I bought some nice frames.  They retailed at more than a hundred dollars, but insurance ate a chunk out of that.  I actually like my glasses now, and while I don’t probably look exactly cool in them, I think I look reasonably good.  So, small vengences: take that, awkward childhood!

I taught myself piano

January 18th, 2007
image

I spent most of my childhood creative time on music.  We moved my grandma’s old upright piano to our house around the time that we moved to Portland—I was about seven—and so not a day went by without at least one refrain of Chopsticks.  And Heart and Soul!  My older older sister would play the lower part, and I would play the upper part.  One day I stumbled unknowing into Baroque territory by playing an inversion of the normal melody.  My sister was impressed; I remember feeling pretty proud about that.

I started working more seriously at the piano over the next few years.  I never took lessons—my parents suggested it a couple times but didn’t push—and so it was very weird, sloppy, non-technical learning, but I improved steadily.  I have a very strong ear for music, it turns out.
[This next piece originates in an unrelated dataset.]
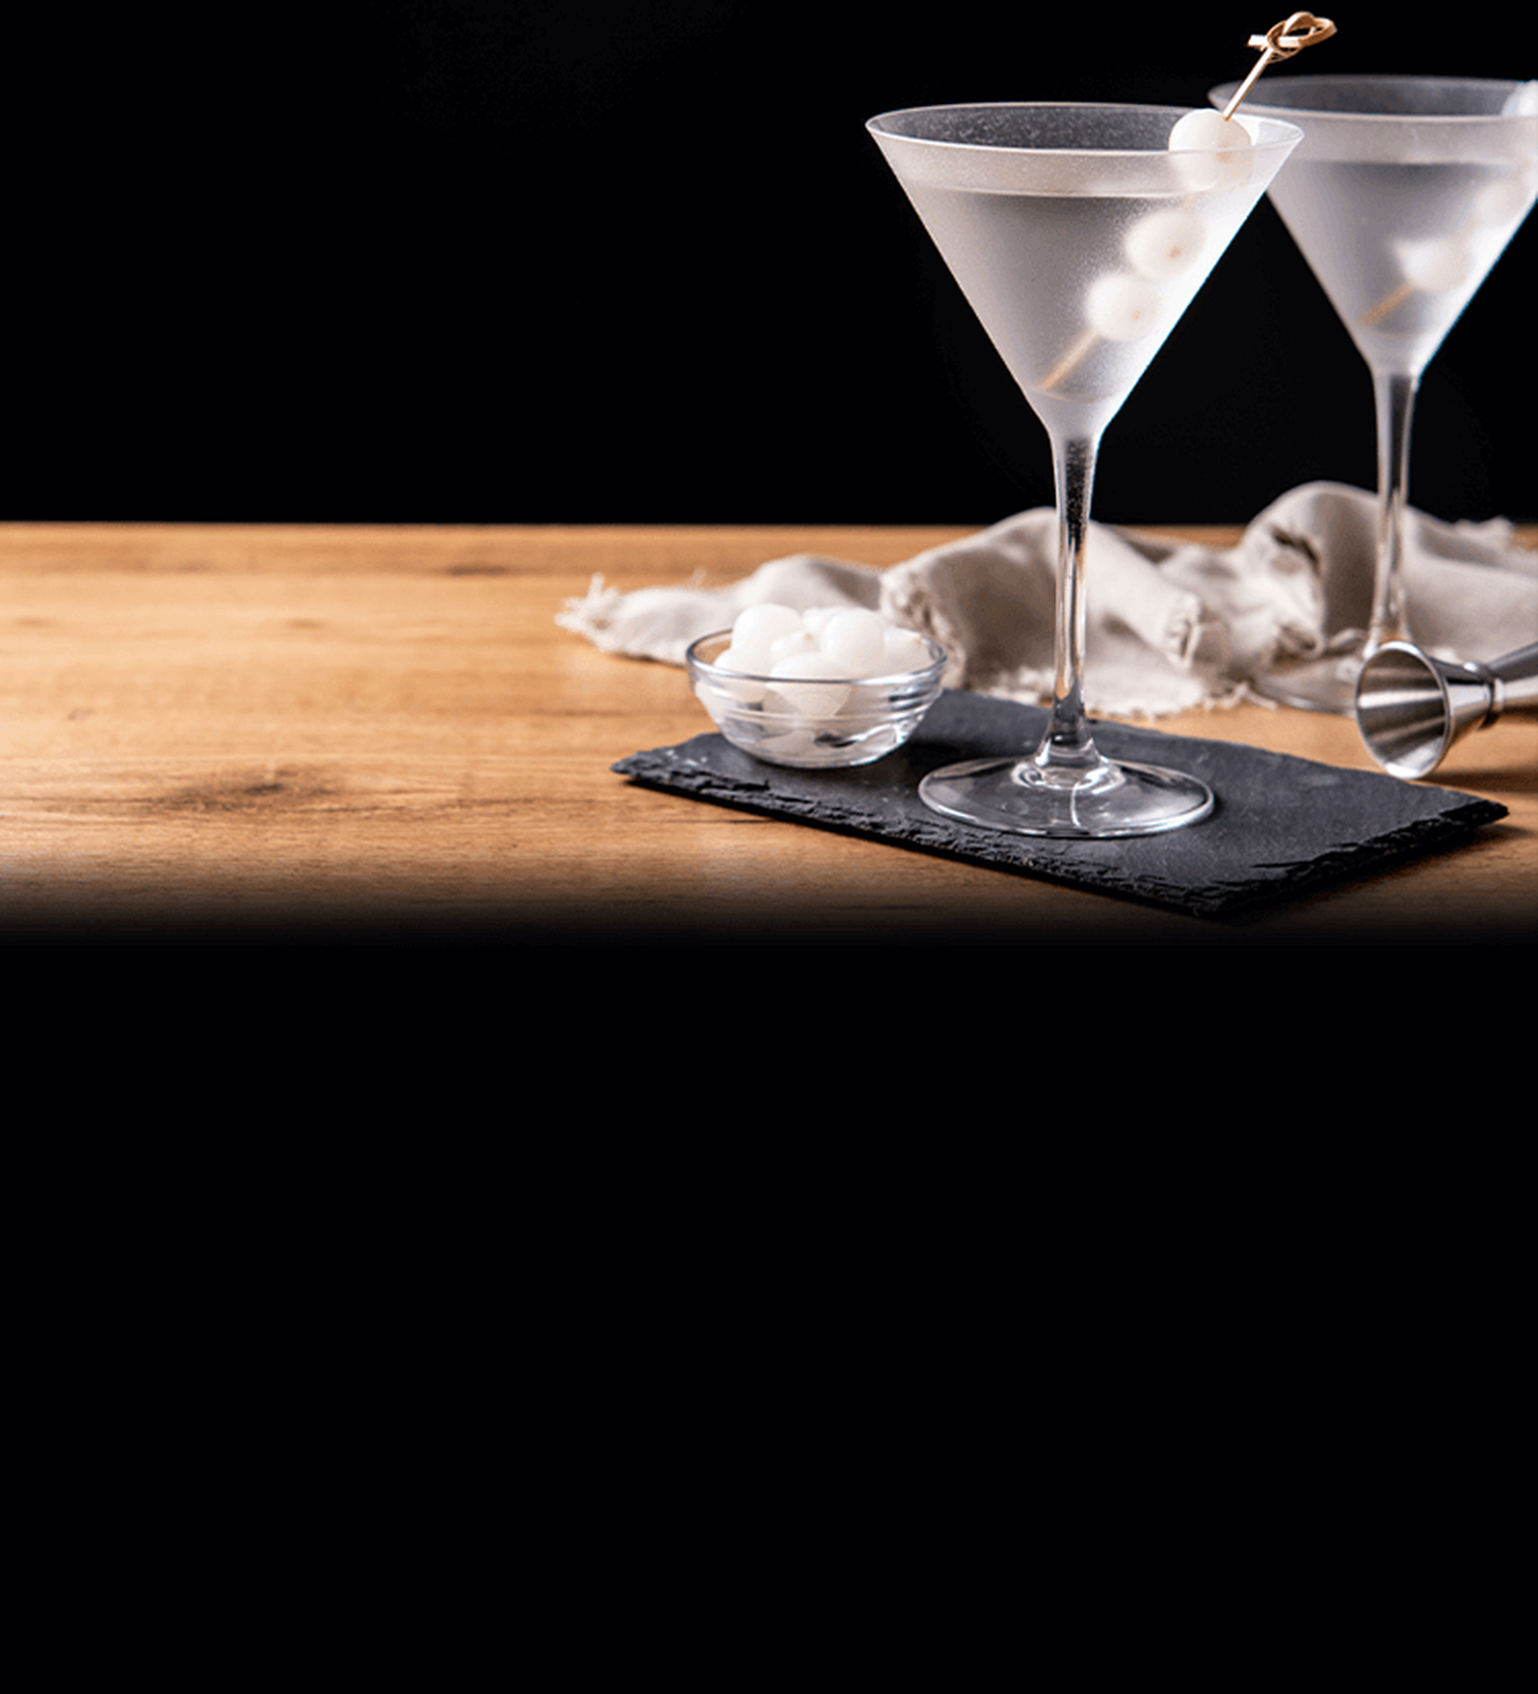 Image of a Gibson martini on a butcher block counter
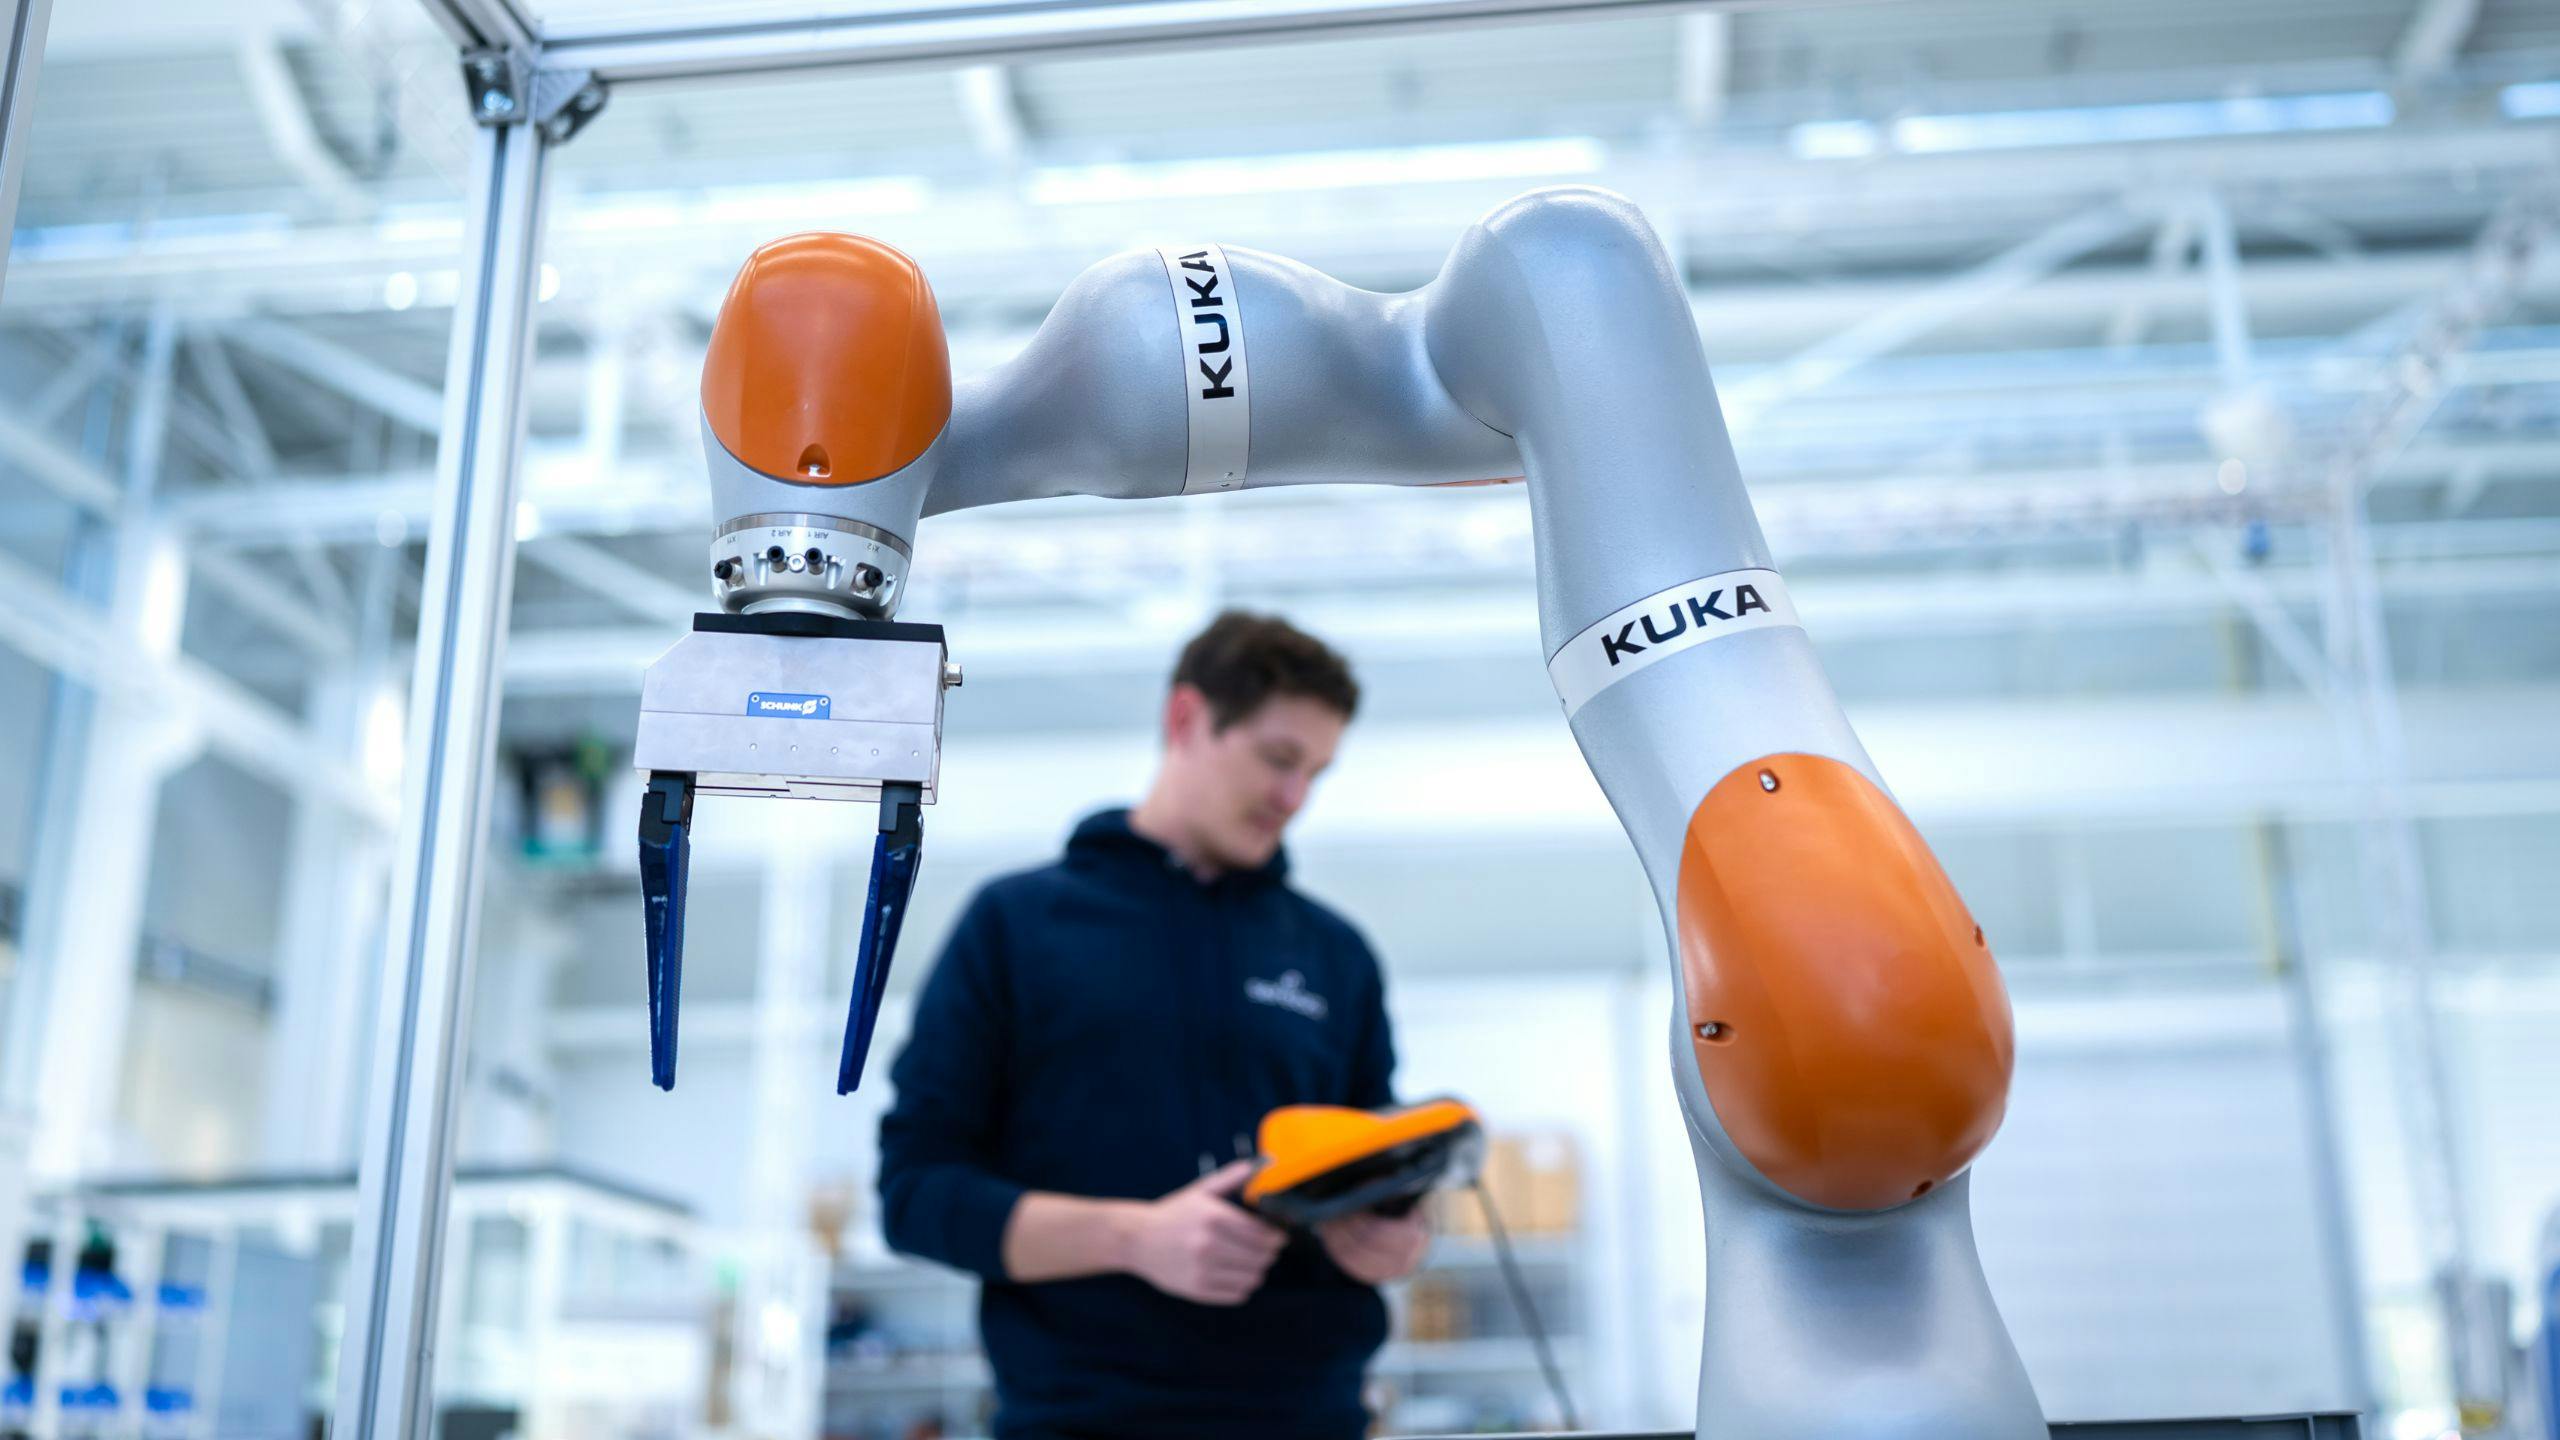 Industrial robot vs. Cobot: Which is the right robot for your warehouse?

Eventully, Chopsticks gave way to Fur Elise, and I was playing both hands of Heart and Soul—though with little precision, in either case.  I’d say “I refused to drill”, but there wasn’t even any compulsion to do so.  I simply did not do it.  There are times I regret that—twenty years later, I’m playing keyboard in a rock band and having a good time but feeling really limited in some of the more technical aspects.  I’m compensating for precision with scads and scads of enthusiasm, at this point.

I took school band grades 5 through 8; I had wanted to play the saxaphone, but our family owned a clarinet and so I played clarinet.  I never got that into it—I didn’t understand it at the time or have a way to express it, but I really get off on polyphony, on harmony and texture, and I couldn’t create that on a clarinet, one note at a time.  Being in band forced me to learn to read music a little, but my good ear was a crutch—I’d have read the music until I could play it by ear. 

By late in middle school, I had lost a lot of whatever enthusiasm I had for the band experience and started to experiment—I would, increasingly, ignore the music and play instead whichever part of the current piece I liked the sound of.  The sax part for these 12 bars, then over to the trombones, and then some trumpet, then back to a particularly interesting clarinet A part.  (I spent most of my time in B row because I wasn’t competitive enough to fight into A, and because my jackass band friends were in B section as well.)  No one ever complained—I got occasional impatient looks from the band instructor, but I’m not sure he knew how to complain about me playing someone else’s part in time and on key, when we had bigger problems.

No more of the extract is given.